22 June 2025

History repeating

The Western World awoke this morning to the somewhat expected news of American strikes against Iranian nuclear sites.(1) As widely anticipated across global media, and as forecast months or even years ago by people closer to the world's intelligence communities, the strikes represent a seismic shift in the international landscape of the early 21st century.(2) None of this, however, is without historical precedent, and the precedents generally do not look especially favorable for American ambitions around the globe.

First, a note on Iran. The past ten days, or, if we like, roughly the past ten months, represent a pretty dramatic turn of fate for the Persian state.

  • Start on September 17, 2024, with the devastating attacks — via pager! — on the leadership of Lebanese Hezbollah, and both asymmetrical and conventional Israeli attacks on the Iranian proxy thereafter, pretty much eliminating a leading Iranian proxy in a matter of weeks.
  • Continue on to December 2024, and the collapse of the Assad regime in Syria. Again, in just a few weeks, Iran's entire western flank unravelled.
  • Cap this off with Israeli and now American strikes on Iran itself over the past ten days, revealing in stark terms just how poor the Islamic Republic really is, not only in terms of projecting power and influence across the Middle East, but even acting in its own self-defense.
This is not new territory for a Persian state.
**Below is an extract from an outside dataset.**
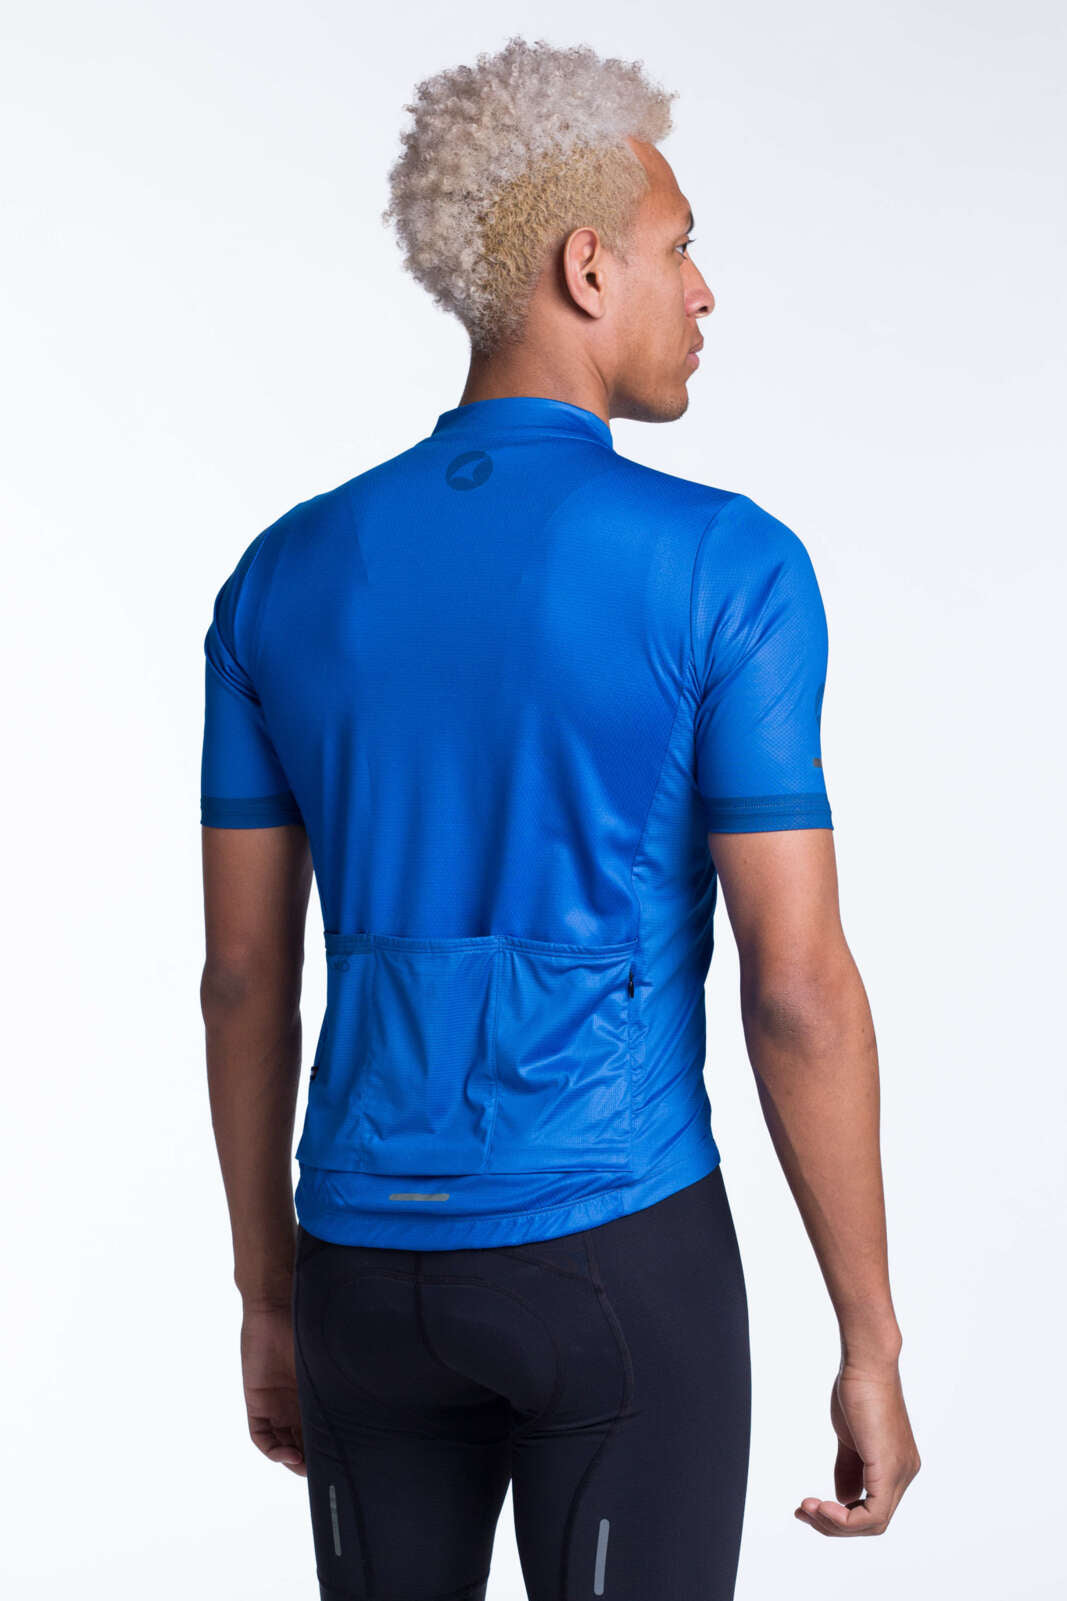 Men's Blue Bike Jersey - Ascent Back View

The defeats of the past ten months are probably about as embarrassing for the regime as the battles of Issus and Gaugamela against Alexander the Great, or facing Heraclius' Nineveh campaign in 627-628 CE. It's for good reason that some commentators have started to anticipate the end of the Islamic Republic, though Iran itself may yet survive — not least thanks to Western norms known as the Westphalian system that frown pretty harshly on the idea of disestablishing sovereign states.(3) What form a new Iran may take is open to speculation, though in the current security environment, Iranian revival under a figure like Nader Shah seems extremely unlikely. (4)
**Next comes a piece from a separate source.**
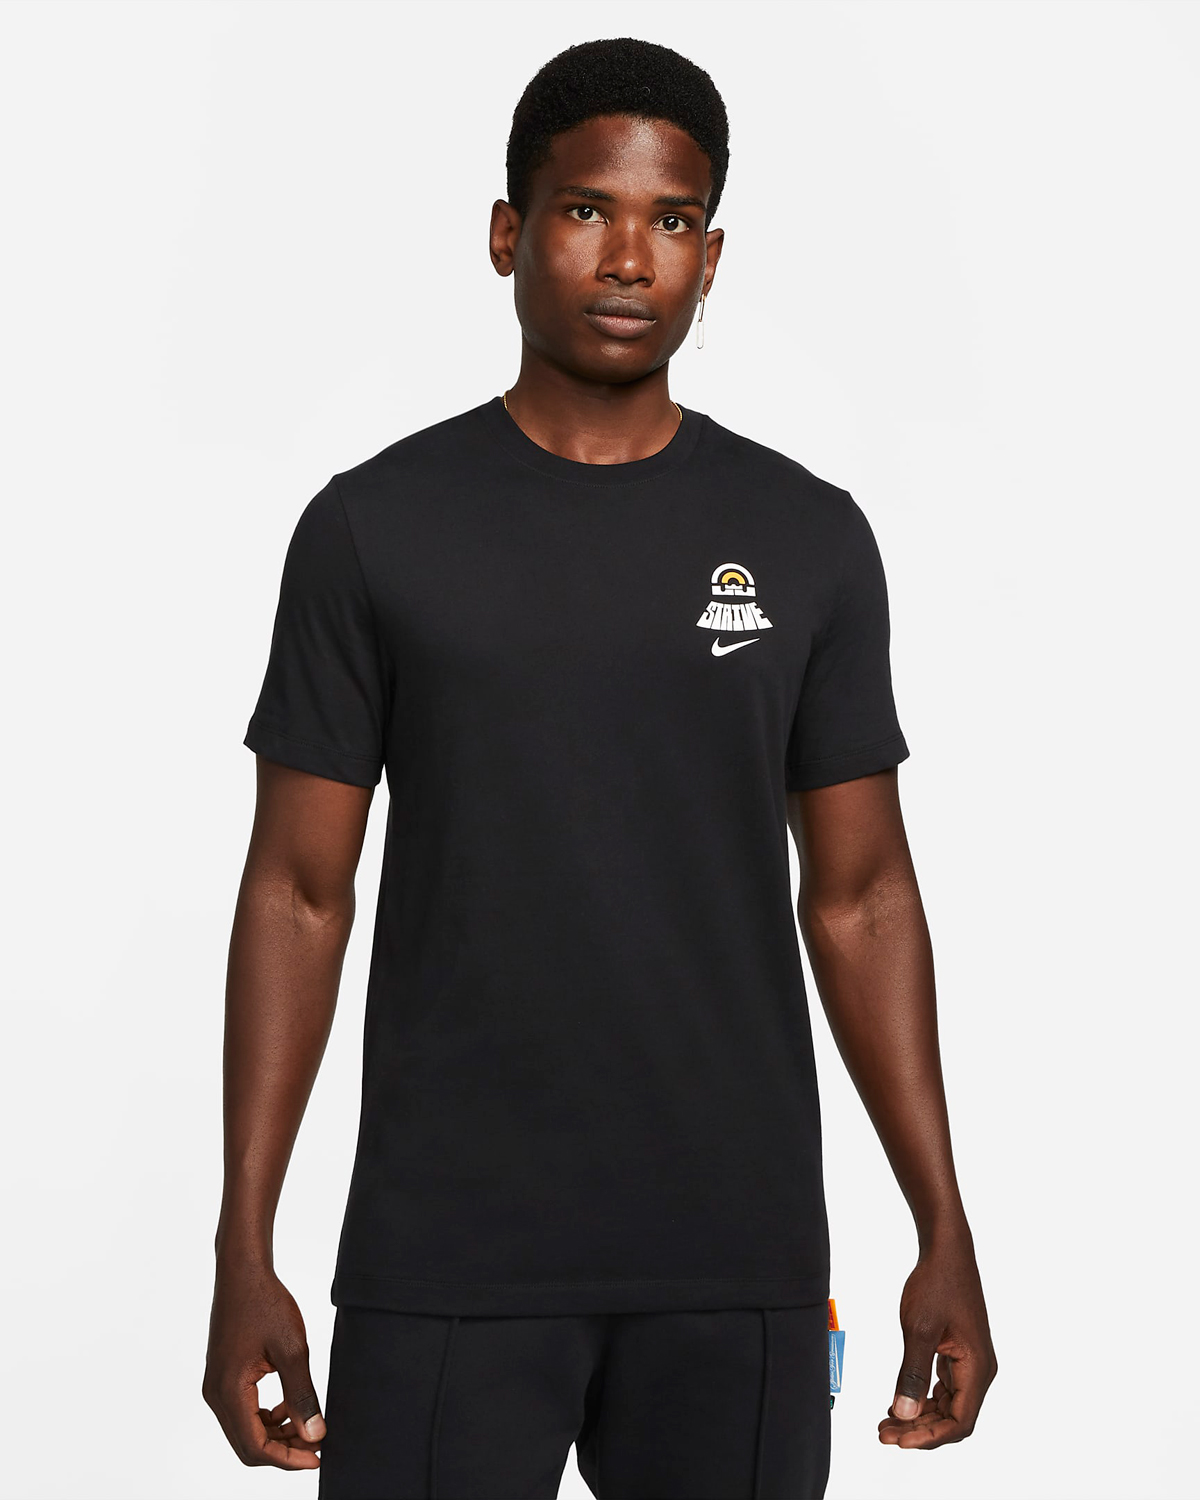 Nike-LeBron-20-Trinity-T-Shirt-1

Meanwhile, the geopolitical consequences for the U.S. and the rest of the world might be just about as shocking, and as long-lasting. Recalling my earlier "Cardinal Directions" posts, we're now broadly into the last era of Cardinal Fleury's influence in France, trying to limit French involvement in what became the War of the Austrian Succession and hold onto whatever prestige and reputation France had as an honest broker. In that event, surely some French ministers and diplomats remained on the level, and indeed James Pritchard's excellent study of the d'Enville Expedition (5) illustrates a pretty high degree of French professionalism in general, even amid some catastrophically corrupt high-level politics. There is little doubt that the American military and diplomatic corps today remain highly professional and highly capable, though top level leadership, again, may be leading them down a rather tortuous path where thinking minds among them may prefer not to go.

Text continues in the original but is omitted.